27 Eylül 2012 Perşembe

Sen, Sana Yakışanı Yap

Hadi öksür beni.
Beni terle,
Beni yak son sigaranda.
Zincirle klişelerini tüm muammalarıma.
Saygı duy esen rüzgara ve sonra
Sana yakışanı yap,
Söv arkasından.
Korkularımla başa çık.
Alt et olağan gücünle kasvetimi.
Ama sen,
Sana yakışanı yap.
Dökme kanını, seyreyle olanı.
Başa sar beni.
İlk cümlemi duy ve kır at namelerimi.
Anla beni.
Dibine vur çığlıklarımın,
Boğul orada.

Ve 

Sen, sana yakışanı yap. Siktir olup git hayatımdan.

16 Eylül 2012 Pazar

Nasıl Sevilir Ki Rüzgar?


Getirdikleri belli değil ki, götürüsü belli olsun?!
Belki  ihaneti getiriyor kucağında,
Belki de sadakatin dibinden gelen sulhu.
...
Belki sadakatin dibine götürecek beni, aşk harbinin ortasına,
Belki de ihanetin kucağına verecek kokumu, hunharca katledilen ruhumla..
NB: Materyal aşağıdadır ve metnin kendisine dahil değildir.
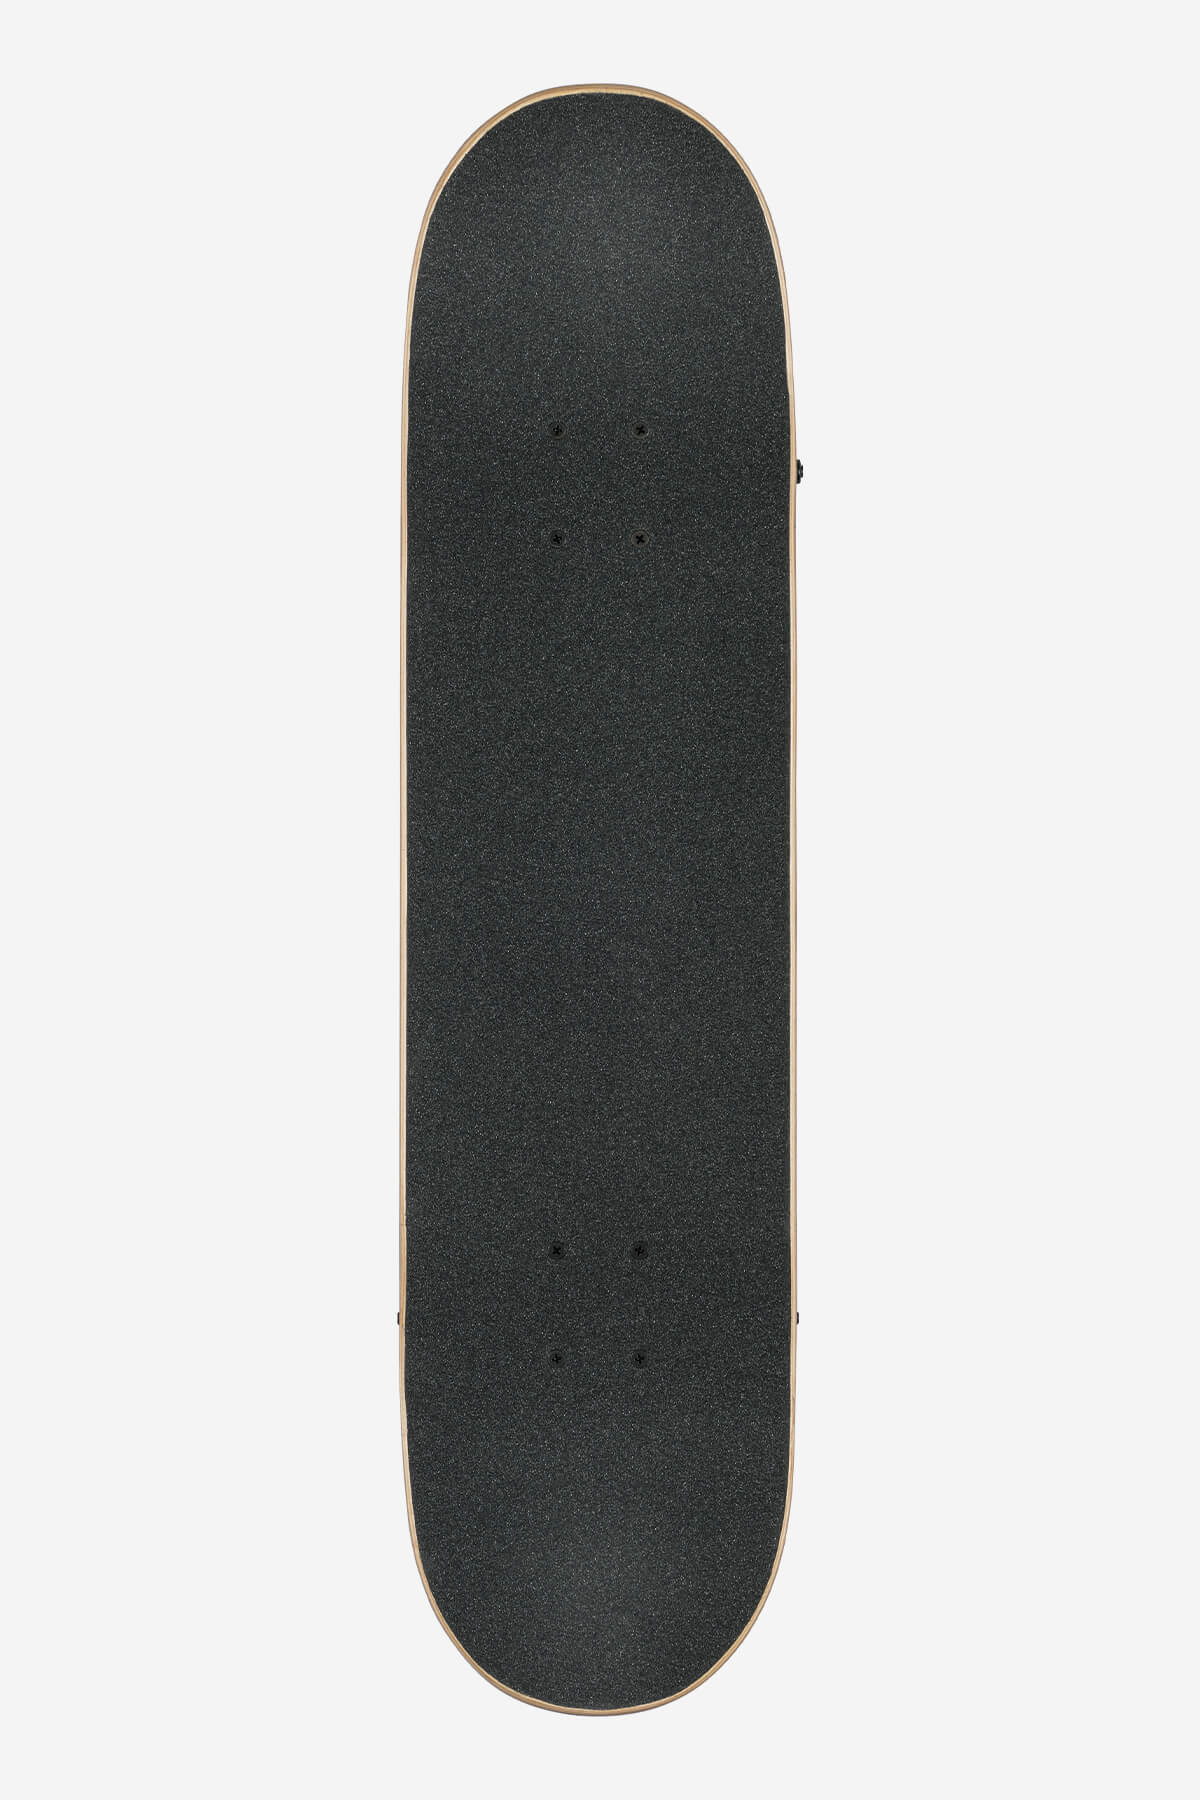 g1 lineform black 7.75" complete skateboard

İhtimallere mahal vermiyor yüreğim.
Gitmek varsa işin içinde.
Eksik kalsın sadakati de.

Pek nadirdir hoşlantım rüzgara.
Yağmurla kol kola geldiğinde o da!

Çünkü yüzüme vurmakta gerçeğiyle, sadakatiyle. 

13 Eylül 2012 Perşembe

Bir Kadın



Bir kadın,
Susatabilir,
Koşturabilir,
Aşık olabilir,
Gecelerini maviye boyayabilir,
Kör edebilir,
Karakterini zedeleyebilir,
Söndürebilir bile.
Saygı duyabilir,
Geçmişini sıyırabilir,
Çocuk olabilir,
Yara olabilir,
Merhem olabilir,
Sigara olabilir mesela,
Külü olabilir birde.
Dumanı olabilir,
Son kadehin olabilir.
Çığlık olabilir,
Türkü olabilir,
En acısından okkalı bir kahve olabilir.
Katil olabilir,
Kanın olabilir,
Tanrın olabilir,
Karanlık olabilir,
Lâl kesilebilir.
En nihai sonuç
Bir kadın,
Öldürebilir.

Ve bir kadın, severse şayet,
Bir kibritle, İstanbul’u bile yakabilir.